There are three main types of blood cancers. Leukemia is a cancer found in your blood and bone marrow, lymphoma is a blood cancer that affects the lymphatic system and myeloma is a blood cancer that specifically targets plasma cells. Each year, these types of cancer account for approximately 10% of all new cancer diagnoses.
- An estimated 178,520 new cases of leukemia, lymphoma and myeloma will be diagnosed in the U.S. in 2020, with 56,840 deaths expected to result from the diagnosis.
- Every three minutes, one person in the U.S. is diagnosed with a blood cancer.
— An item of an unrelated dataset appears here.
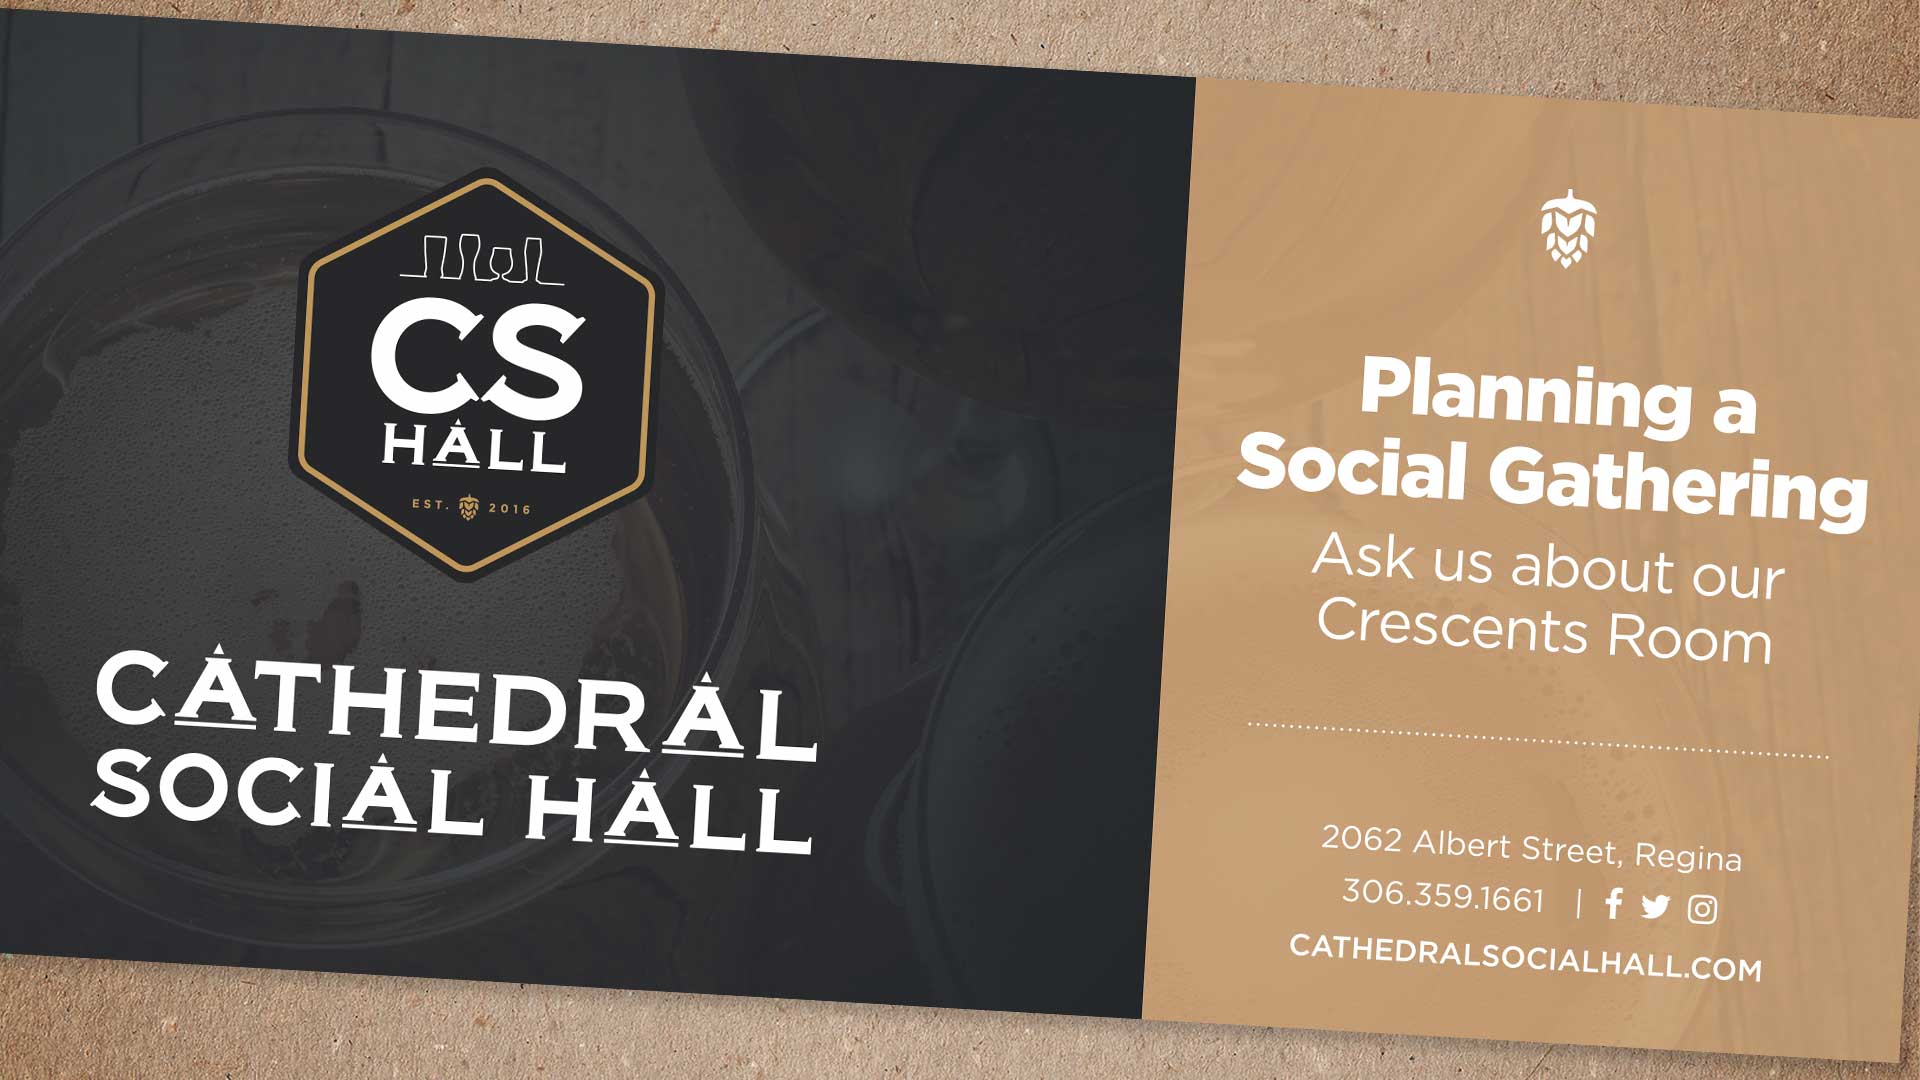 Cathedral Social Hall, Design, Cathedral Social Hall Brunch Mailer (AdMail), Portfolio Image, Cathedral Social Hall AdMail - Social Gathering
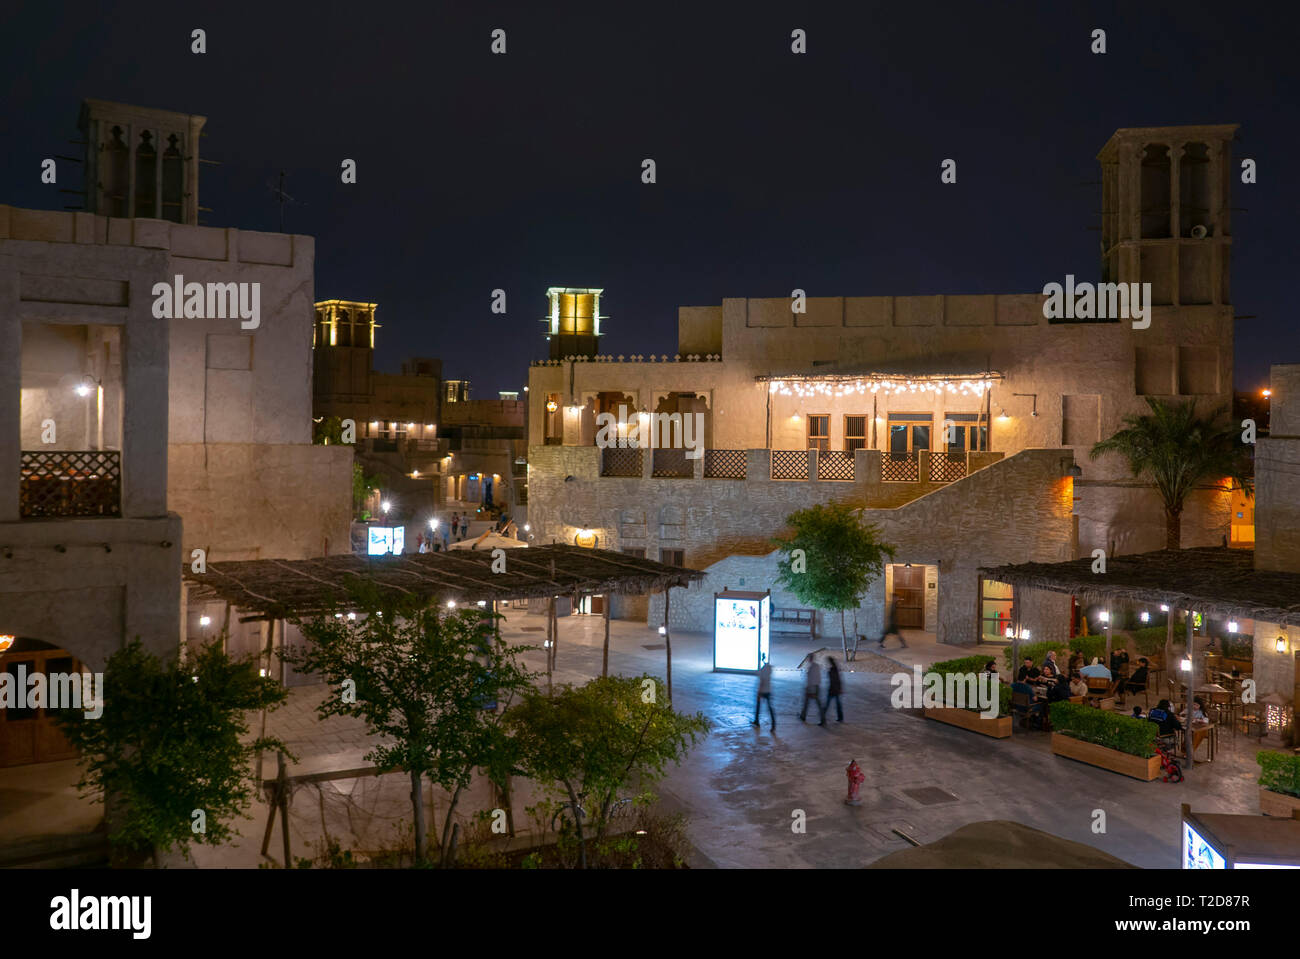 Al Seef Erbe Souk in Dubai, Vereinigte Arabische Emirate Stockfoto

- Leukemias are the most common cancers in children and account for 28% of all childhood cancers.
- More than 1.3 million people in the U.S. are either living with or in remission today from a blood cancer.
Source: American Cancer Society’s Cancer Facts & Figures 2020 and and The Leukemia & Lymphoma Society
Blood Cancer Research
In addition to specific projects listed below, genomics research is helping us attack blood cancers – and all types of cancer. NFCR has distinguished itself from other organizations by emphasizing long-term, transformative research and working to move people toward cancer genomics.
Leukemia is a great success story for cancer research — one in which NFCR-affiliated scientist Dr. Curt Civin played an important role. His early work on bone marrow stem cell transplantation was partially responsible for the dramatic increase of the five-year survival for all types of leukemia over the past 20 years.
And now, for patients still suffering from cancer and waiting for a cure, Dr. Civin’s current research may once again hold the key. Acute myeloid leukemia (AML) is the deadliest form of leukemia. Dr. Civin discovered that artemisinins – a class of drugs with low toxicity used to successfully treat malaria – are also effective in killing AML cancer cells. Through research, he identified ART-838, a specific artemisinin compound, that shows remarkable effectiveness against leukemia cells and works well in combination with established anti-leukemia drugs. Further, it doesn’t appear to harm normal bone marrow cells. With support from NFCR’s AIM-HI Translational Research Initiative, next generation drug modeling software is creating the best chemical structure of ART-838 for optimal treatment outcomes for AML patients.
NFCR-funded scientist Dr. Michael Sporn, conducted research on fenrentinide, a drug with similar structure to Vitamin A. He proved its safety for use in humans. It subsequently was shown to be both safe and efficacious in treating several cancers. However, fenretinide is poorly soluble in water (our bodies are composed of 60% water) and as a drug, it faced the challenge of delivering adequate doses to tumor cells. With support from the NFCR AIM-HI Translational Research Initiative, a novel delivery system has been designed to solve this problem. The unique delivery agent and fenrentinide have gained approval to treat T cell-non Hodgkin lymphoma patients who have relapsed or stopped responding to their current therapy. Enrollment in the Phase 1 trial begins in 2020.
With NFCR support since 2006, Dr. Wei Zhang, a leader in precision oncology, characterizes underlying genetic mechanisms responsible for cancer growth and progression. His research addresses the variability in cellular properties, within and across cancer types, which often leads to treatment resistance and poor survival in patients. Dr. Zhang’s precision oncology approach has the potential to improve outcomes for T cell non-Hodgkin’s lymphoma and Acute Myeloid leukemia (AML) patients that have stopped responding to standard treatments.
Dr. Cesare Spadoni is leading a team to develop treatments for the most common pediatric cancers with the poorest prognosis including Acute Myeloid Leukemia. In the oncology community, there is a void of cancer drugs specifically developed to treat children. His team identifies and characterizes new oncogenic pathways and the pathway interconnections may facilitate development of novel pediatric cancer drugs, ensuring more effective and less toxic cancer treatments. With this information, the scientists aim to repurpose known drugs and identify new combinations of drugs for pediatric cancers. They hope this research and drug discovery philosophy will bring a new treatment for AML in children.
Dr. Spadoni’s team with support from the NFCR AIM-HI Translational Research Initiative is first focusing their treatment development efforts on the difficult-to-treat cancer, rhabdomyosarcoma. A clinical trial is planned in 2020.